Emerging Growth Company Status and Smaller Reporting Company Status
We are an "emerging growth company" as defined in the JOBS Act. For so long as we remain an emerging growth company, we are permitted and intend to rely on certain exemptions from various public company reporting requirements, including not being required to have our internal control over financial reporting audited by our independent registered public accounting firm pursuant to Section 404 of the Sarbanes-Oxley Act of 2002, reduced disclosure obligations regarding executive compensation in our periodic reports and proxy statements and exemptions from the requirements of holding a nonbinding advisory vote on executive compensation and any golden parachute payments not previously approved.

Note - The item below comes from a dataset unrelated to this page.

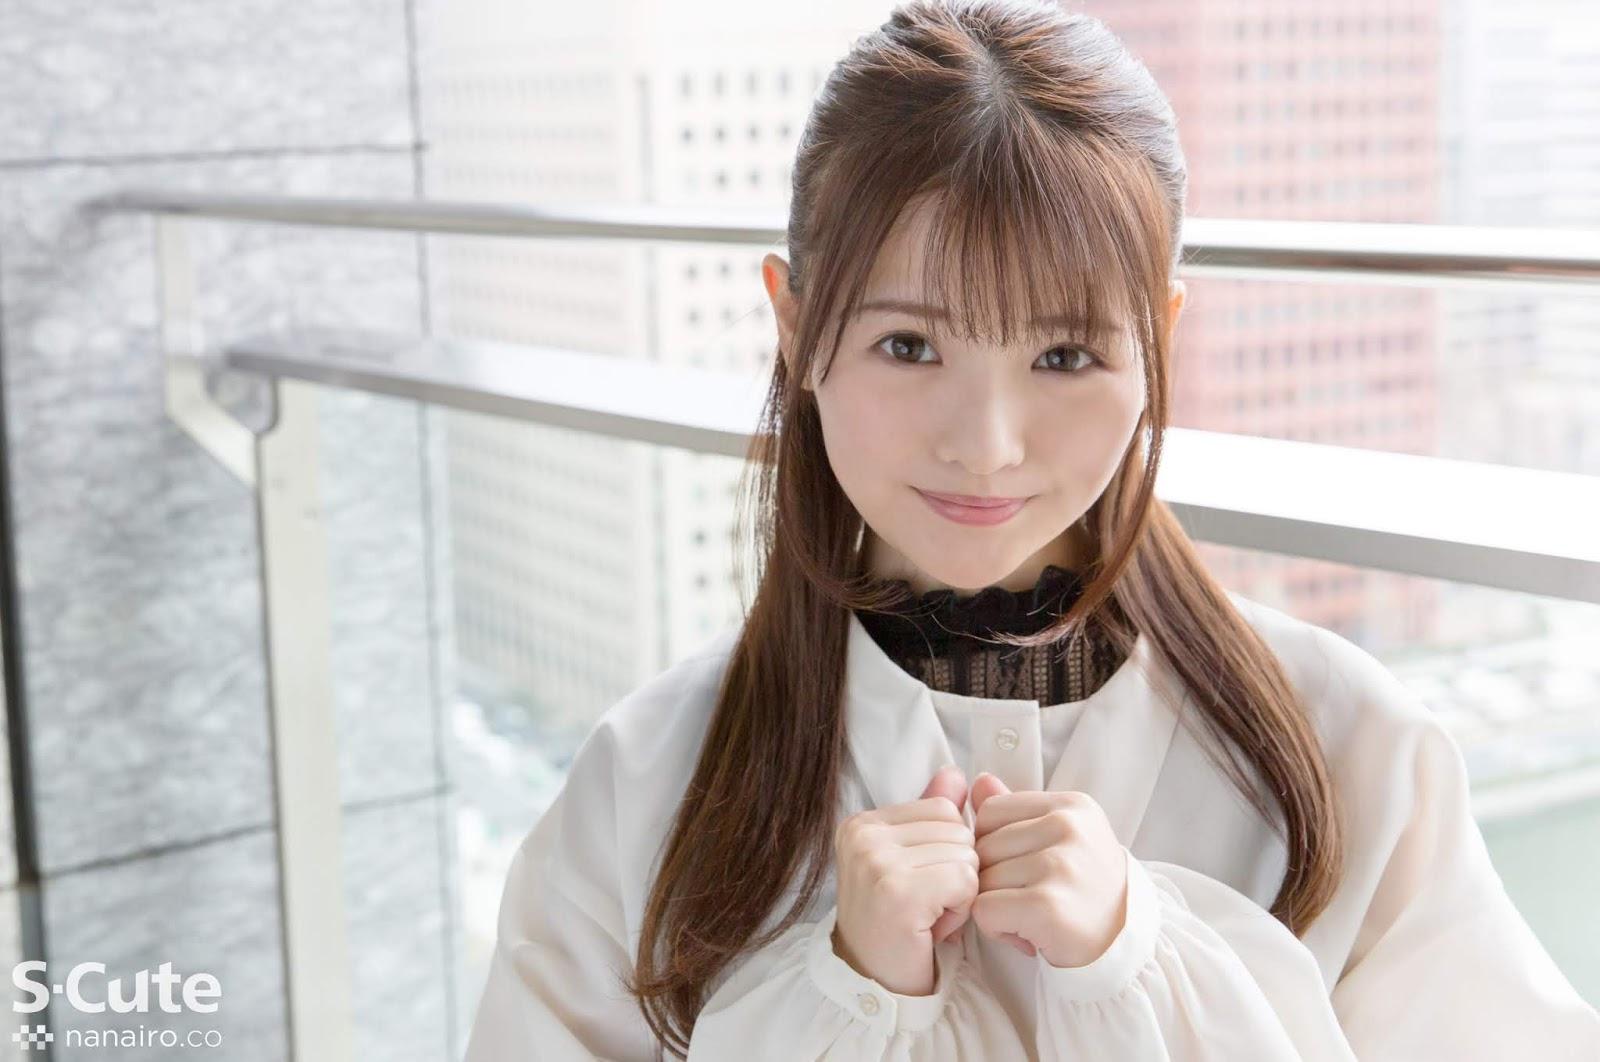 195281__S-Cute_768_yui_01_cover S-Cute 768_yui_01 素直な言葉でナチュラルセックス/Yui s-cute 05190

Accordingly, the information contained herein may be different than the information you receive from other public companies in which you hold stock.
In addition, emerging growth companies can delay adopting new or revised accounting standards issued subsequent to the enactment of the JOBS Act until such time as those standards apply to private companies. We have elected to avail ourselves of this extended transition period for complying with new or revised accounting standards that have different effective dates for public and private companies until the earlier of the date that we (i) are no longer an emerging growth company or (ii) affirmatively and irrevocably opt out of the extended transition period provided in the JOBS Act. As a result, our financial statements may not be comparable to companies that comply with the new or revised accounting pronouncements as of public company effective dates.
We will remain an emerging growth company until the earliest of (i) December 31, 2026, (ii) the last day of the fiscal year in which we have total annual gross revenue of at least $1.235 billion, (iii) the last day of the fiscal year in which we are deemed to be a "large accelerated filer" as defined in Rule 12b-2 under the Exchange Act, which would occur if the market value of our common stock held by non-affiliates exceeded $700.0 million as of the
last business day of the second fiscal quarter of such year or (iv) the date on which we have issued more than $1.0 billion in non-convertible debt securities during the prior three-year period.
We are also a "smaller reporting company," as defined in Rule 12b-2 under the Exchange Act. We may continue to be a smaller reporting company if either (i) the market value of our shares held by non-affiliates is less than $250.0 million or (ii) our annual revenue was less than $100.0 million during the most recently completed fiscal year and the market value of our shares held by non-affiliates is less than $700.0 million. If we are a smaller reporting company at the time we cease to be an emerging growth company, we may continue to rely on exemptions from certain disclosure requirements that are available to smaller reporting companies. Specifically, as a smaller reporting company, we may choose to present only the two most recent fiscal years of audited financial statements in our Annual Report on Form 10-K and, similar to emerging growth companies, smaller reporting companies have reduced disclosure obligations regarding executive compensation.